* [HOW TO COMPLETE THIS TASK]
Below is a listing with pictures in it. Copy it exactly without them.

* [STORED DATA]
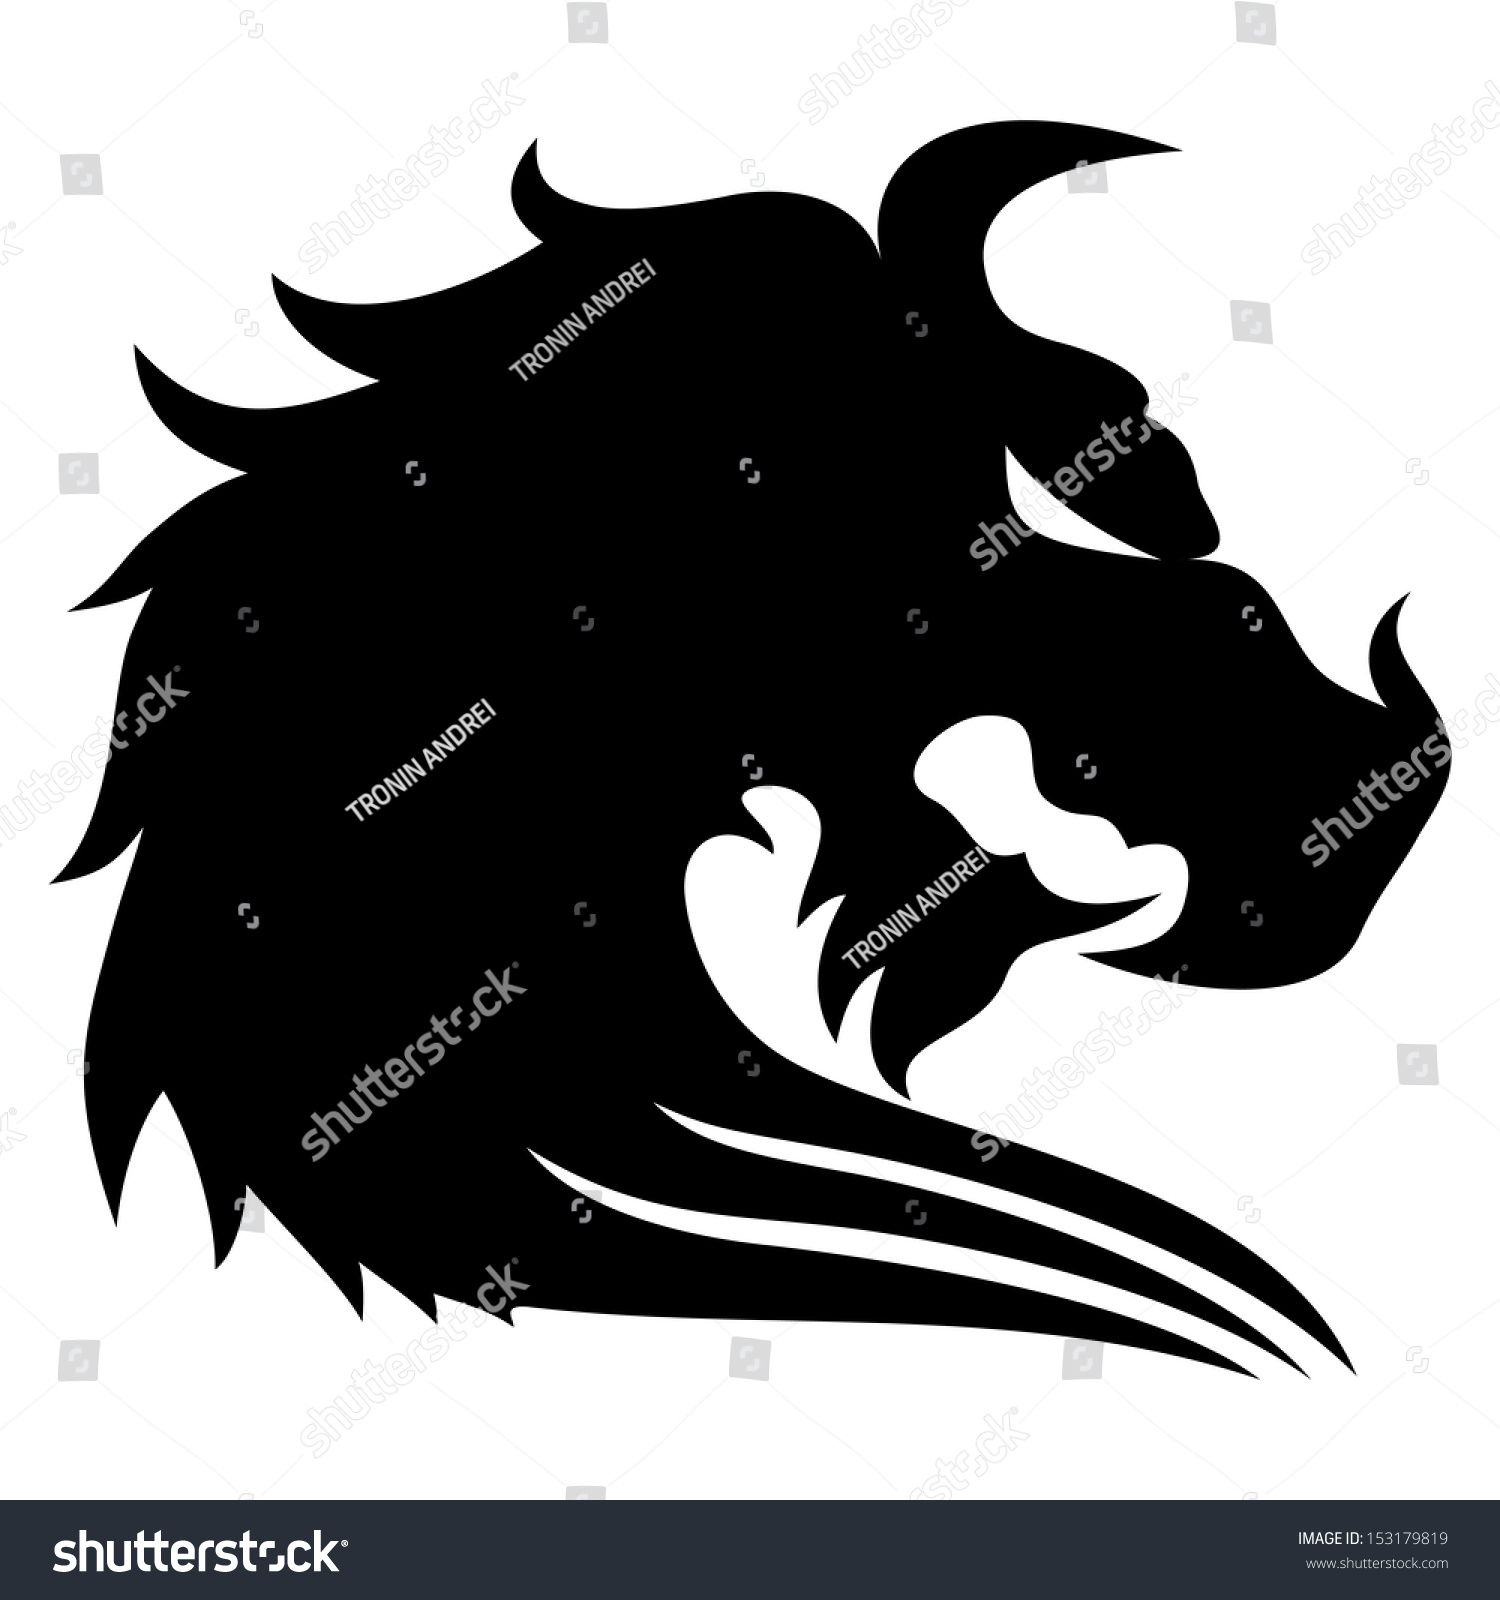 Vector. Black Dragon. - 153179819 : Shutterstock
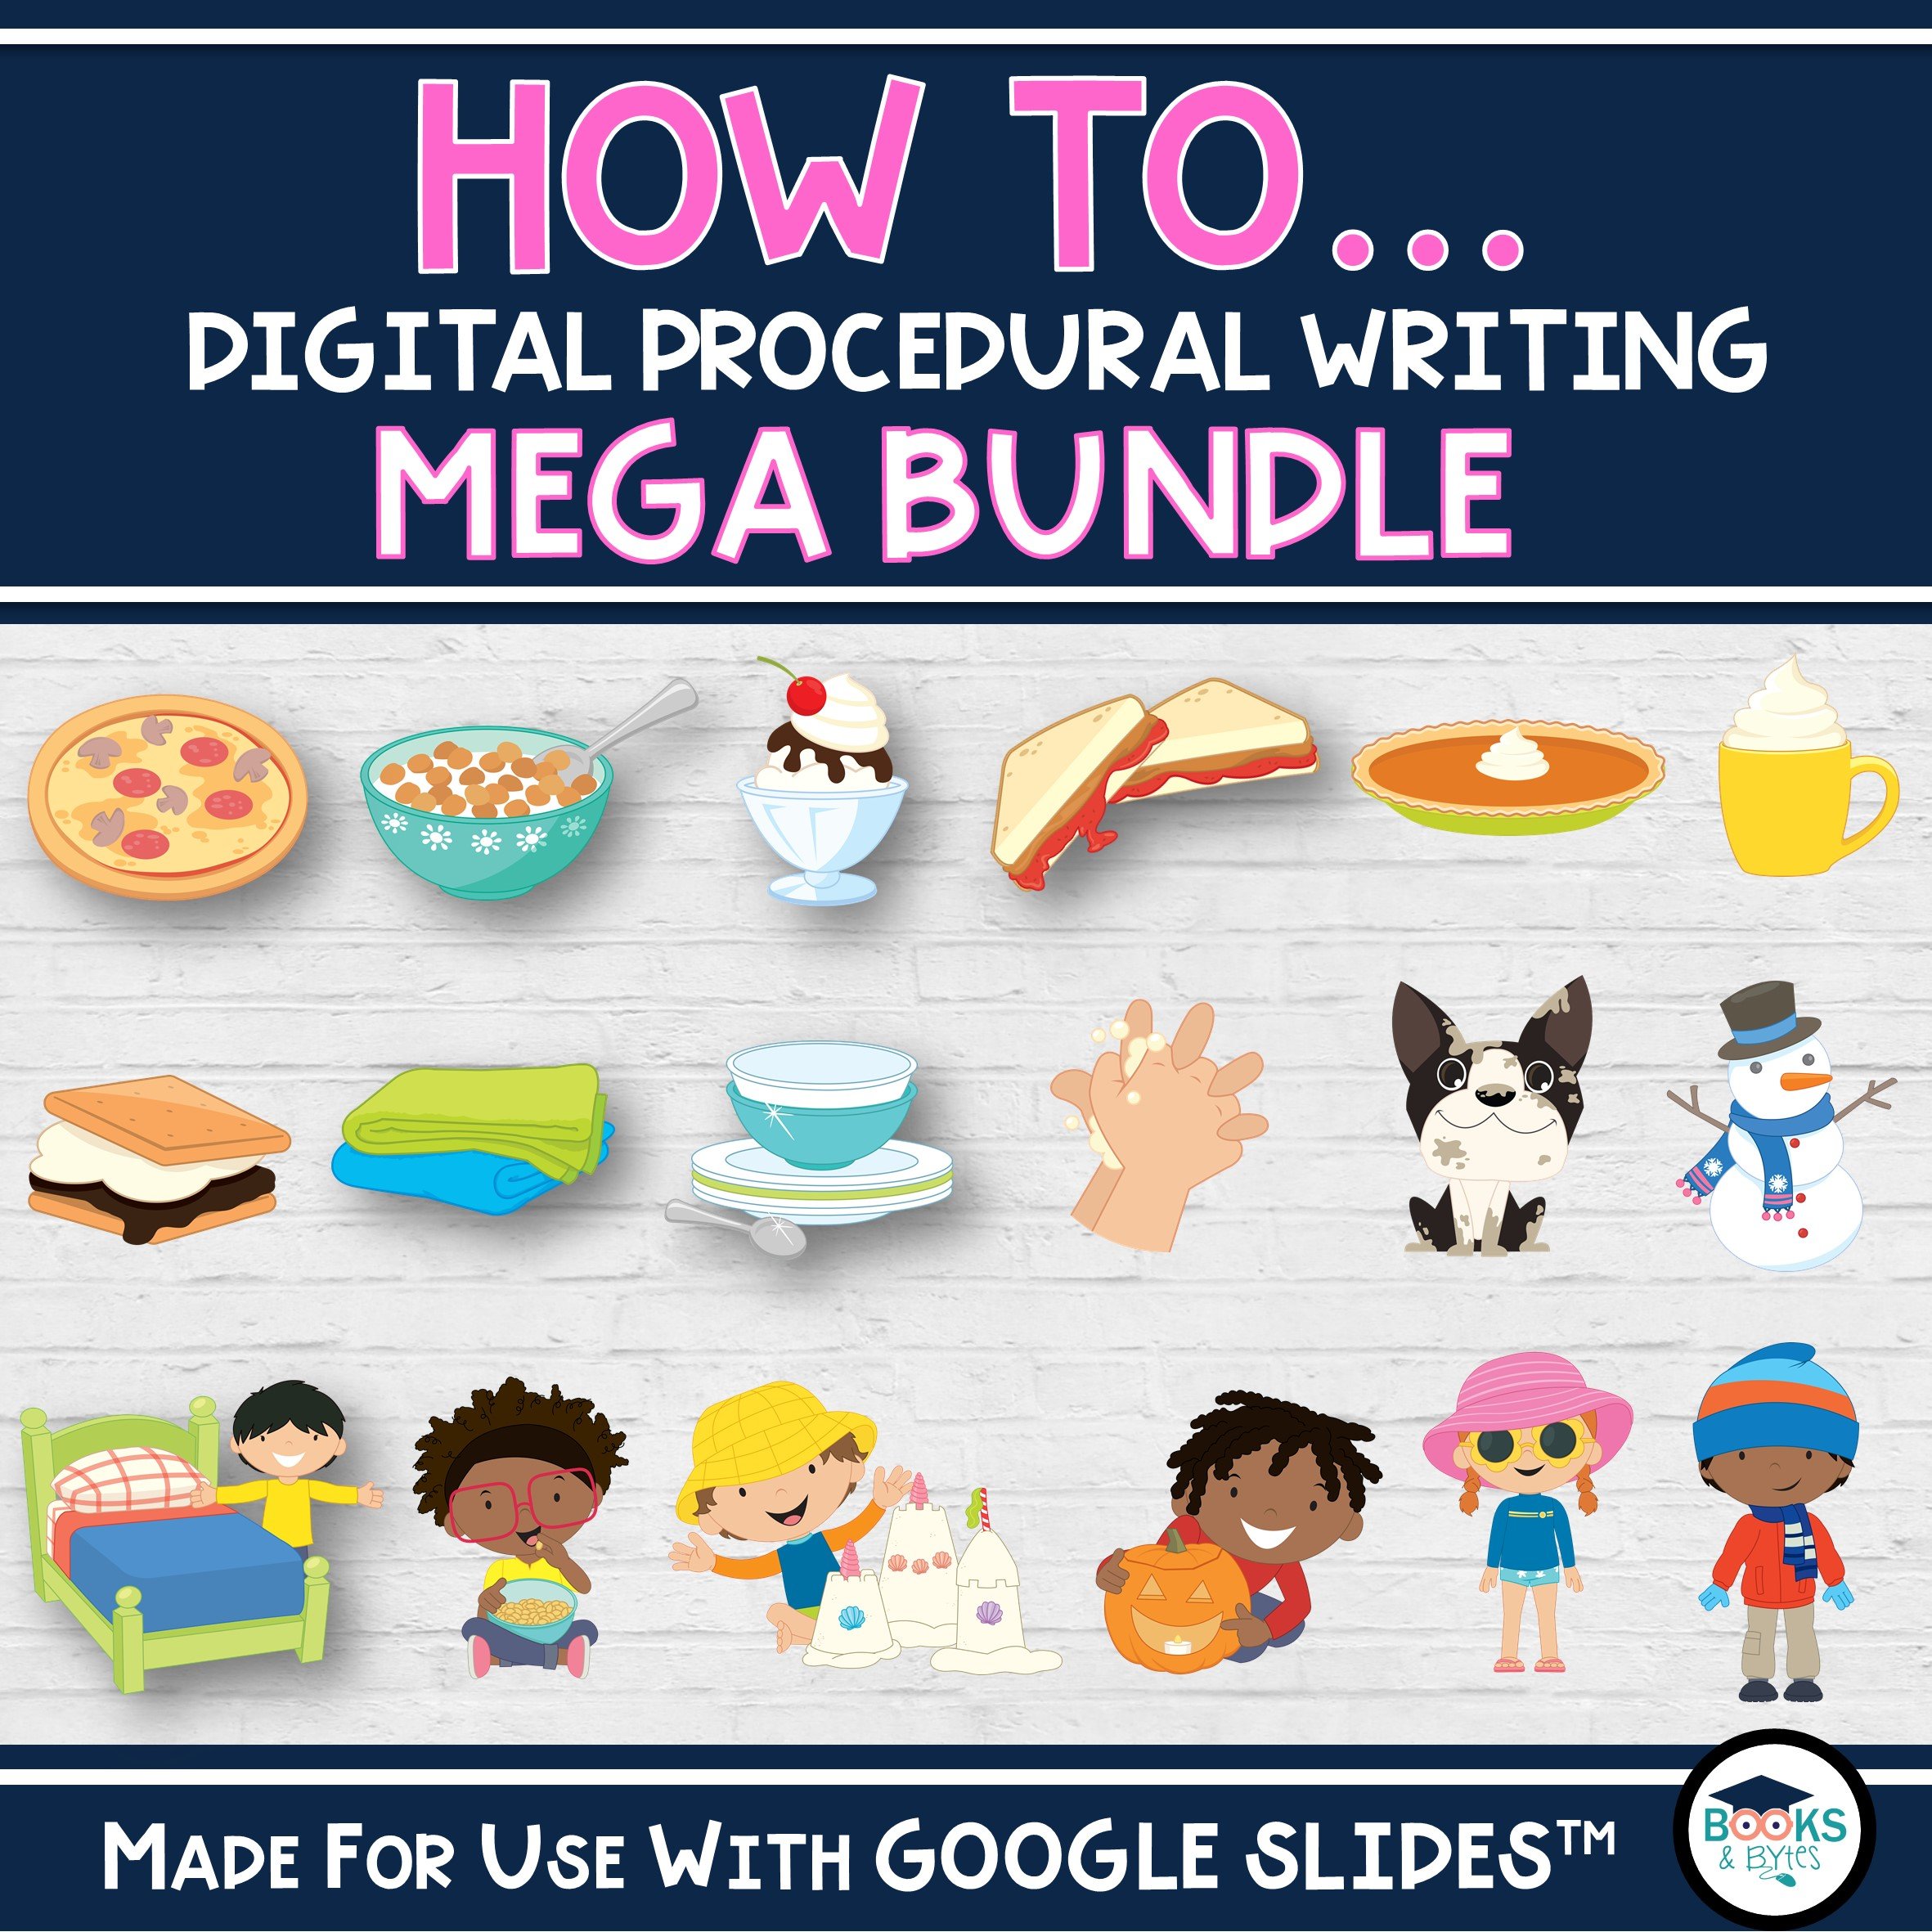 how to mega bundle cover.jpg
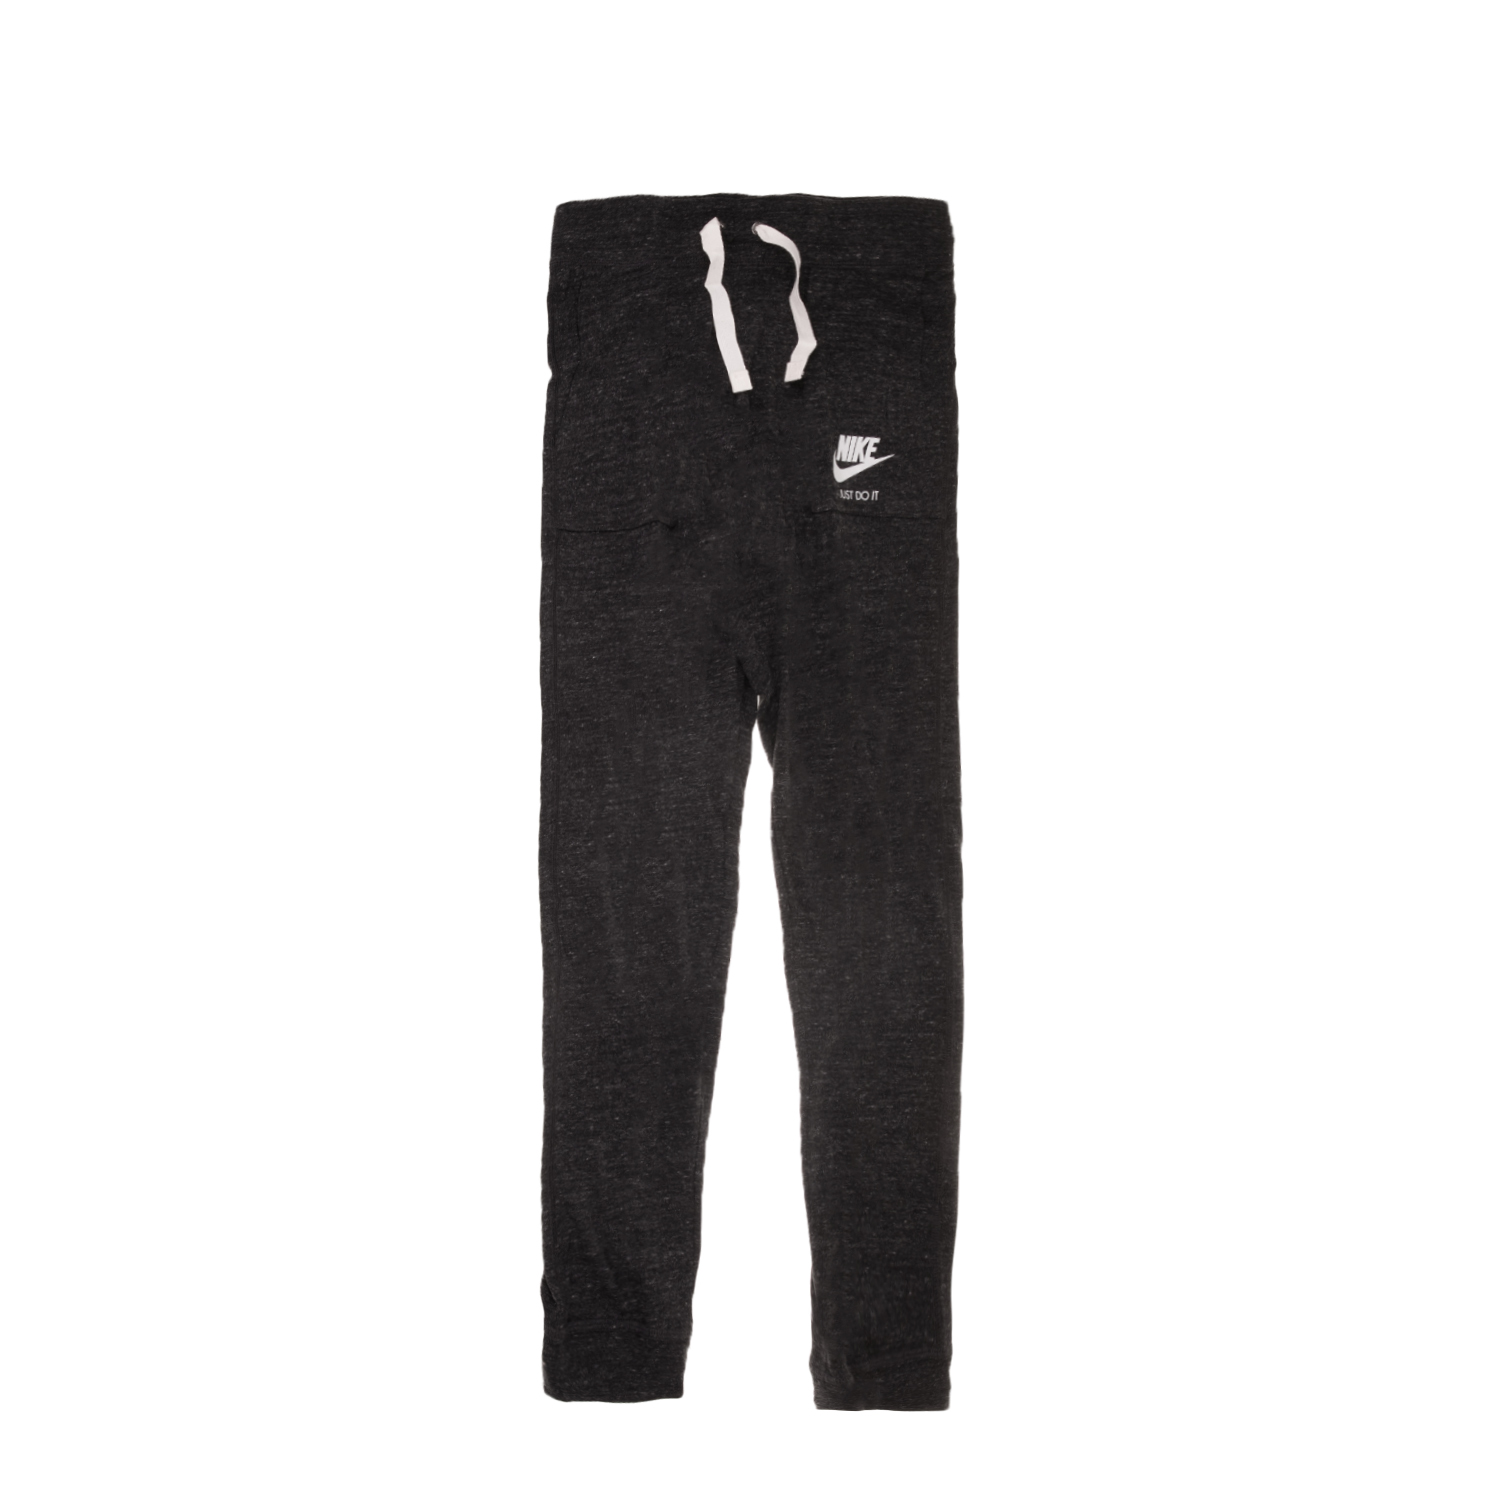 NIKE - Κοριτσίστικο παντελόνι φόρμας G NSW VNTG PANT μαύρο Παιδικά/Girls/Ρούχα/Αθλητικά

* [ANSWER FOR THIS EXERCISE]
 Vector. Black Dragon. - 153179819 : Shutterstock
 how to mega bundle cover.jpg
 NIKE - Κοριτσίστικο παντελόνι φόρμας G NSW VNTG PANT μαύρο Παιδικά/Girls/Ρούχα/Αθλητικά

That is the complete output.